Screenshot: without the folders

It’ll be okay in this manuscript as it only has 50K words, but my epic fantasy works are more than three or four times this size and my entire outlining process is heavily reliant on knowing which chapter is which. If I title the flat scene files “Chapter one,” “Chapter two” etc, then Scrivener outputs a double Chapter one, chapter one situation again and I can’t have a scene header.

Removing the file folders also causes another problem for me. When I’m ready to format the book for publishing in Vellum, the software compiles all those flat scene files into one single chapter. The folders are crucial for making Vellum understand the chapter structure. I know this isn’t a Vellum support thread, but when I export the Word Doc with no file folders, I get this in Vellum:

Screenshot

That’s all 50K words in one chapter file.

This fix isn’t worth it to create a quick beta read file when I’ll just have to put the chapter folders back to format the book for publishing.

This can’t be the answer. The folders + nested scene files should work regardless of how many scenes there are.

Still scratching my head.

First, I don’t understand why you say the folders are empty. Each one has a scene file nested inside.

Sorry, that wasn’t clear, I meant the folder itself has no text content—if you were to select it and turn corkboard/outliner/scrivenings mode off, the text editor for it would be empty—here is where you could put an epigraph or even chapter notes that don’t print. Thus all the folder is providing is its name, like “Chapter Twelve”, which you get automatically added anyway from the compile settings.
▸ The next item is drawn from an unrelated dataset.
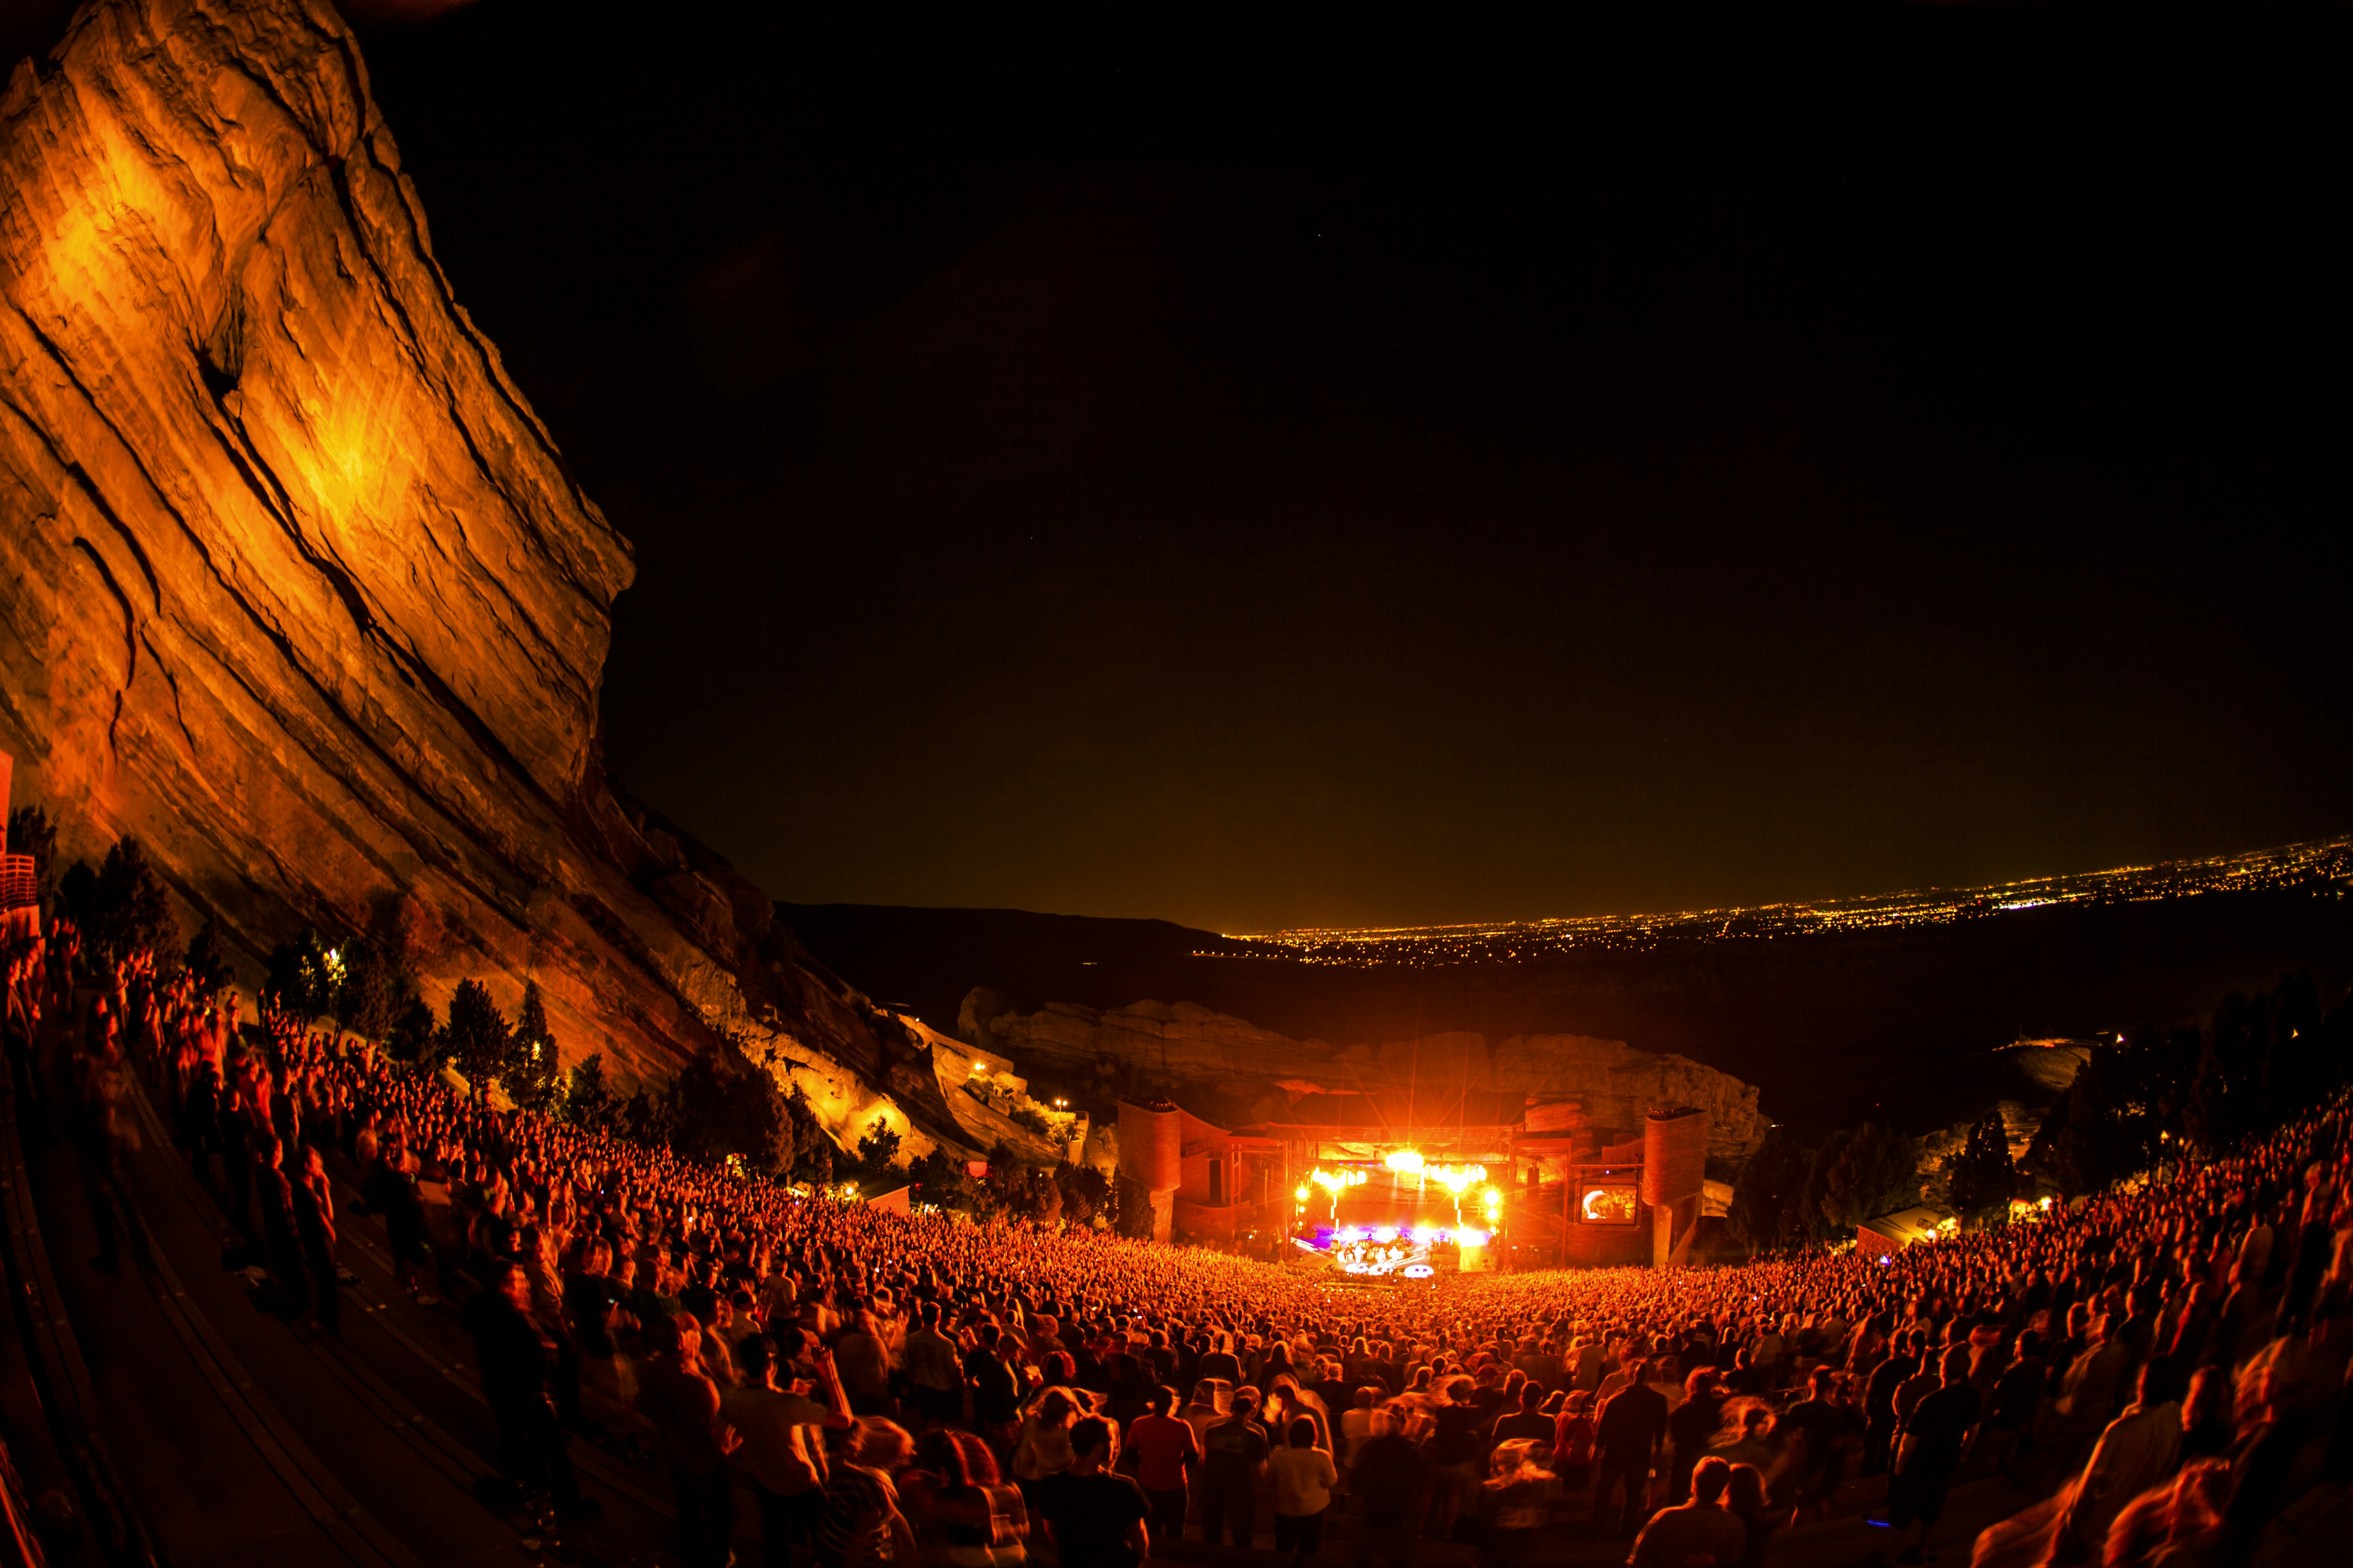 Crowd at Red Rocks Amphitheatre in Morrison, Co
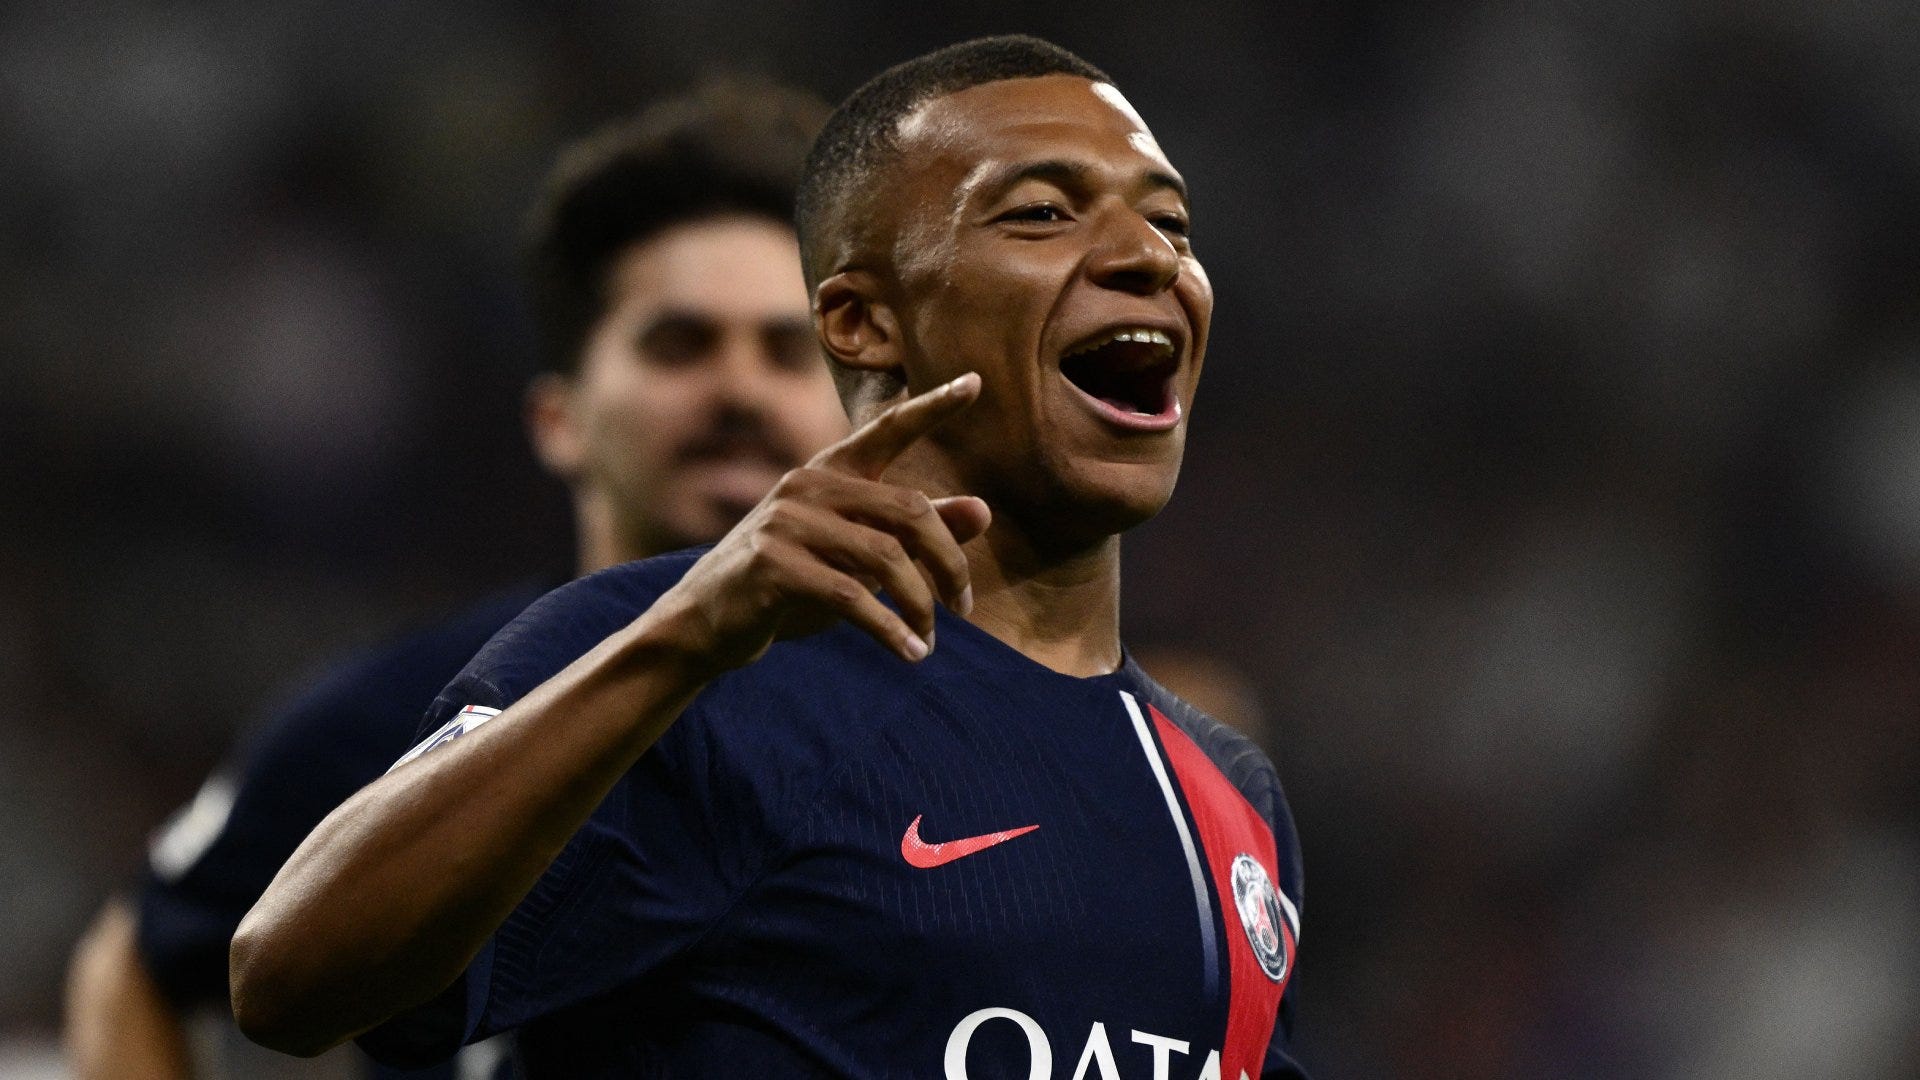 PSG vs Nice Live stream, TV channel, kick-off time and where to watch Goal US

Why wouldn’t the foundational principle remain the same: folder contains the scene file. Scrivener should format the same whether I have one scene file or three in any given folder.

To make that kind of arrangement work best for what you want, you’d probably want to disable Include in Compile for all of the folders, using the Inspector, and just let the files operate on their own in a similar manner to the checklist I already provided. The folders at that point would be purely cosmetic—you could even use more descriptive names for the folders that make sense for story tracking, since nobody is ever going to see them anyway.

I’d argue that chapter folders are for more than just organizing lots of elements. For one, removing the files completely means I am left with a string of scene files titled w/ the POV of that chapter. Only now I have a hard time clicking around my own manuscript because I can no longer see the chapter numbers.

Well all right, if it works better for you that way, you could try the above suggestion instead. But to me it seems there would be better ways to handle what you’re describing: like clicking on Draft, and switching View ▸ Corkboard Options ▸ Show Card Numbers and/or View ▸ Outliner Options ▸ Title with Numbers. That way you get the numbering you want—and it actually reflects the order of things rather than being typed in text. If a chapter gets inserted, you don’t have to go in and rename everything below it.

When I’m ready to format the book for publishing in Vellum, the software compiles all those flat scene files into one single chapter. The folders are crucial for making Vellum understand the chapter structure.

The only thing that determines where a chapter break is is the Section Layout you use for the things that should be chapters. They aren’t a flat list of scenes at that point, they are a flat list of chapters. The software itself doesn’t have any programming that says folders are chapters, that is 100% a matter of how you set things up.

Case in point, if you still have the template help file in your binder (with the blue info icon at the very top), then search that file for the phrase, “Working with chapters instead of scenes”. It goes provide a checklist similar to the one I provided above.

But like I say, if you find this better, it’s not the end of the world to work that way, but it’s going to be hard to split the chapter break between two different elements of the outline like you’re trying to do, no matter.

Ahh, thank you for explaining. I think I’m beginning to understand.
I really appreciate it, particularly the tip to change the cork board to show the card numbers. I can absolutely work with that.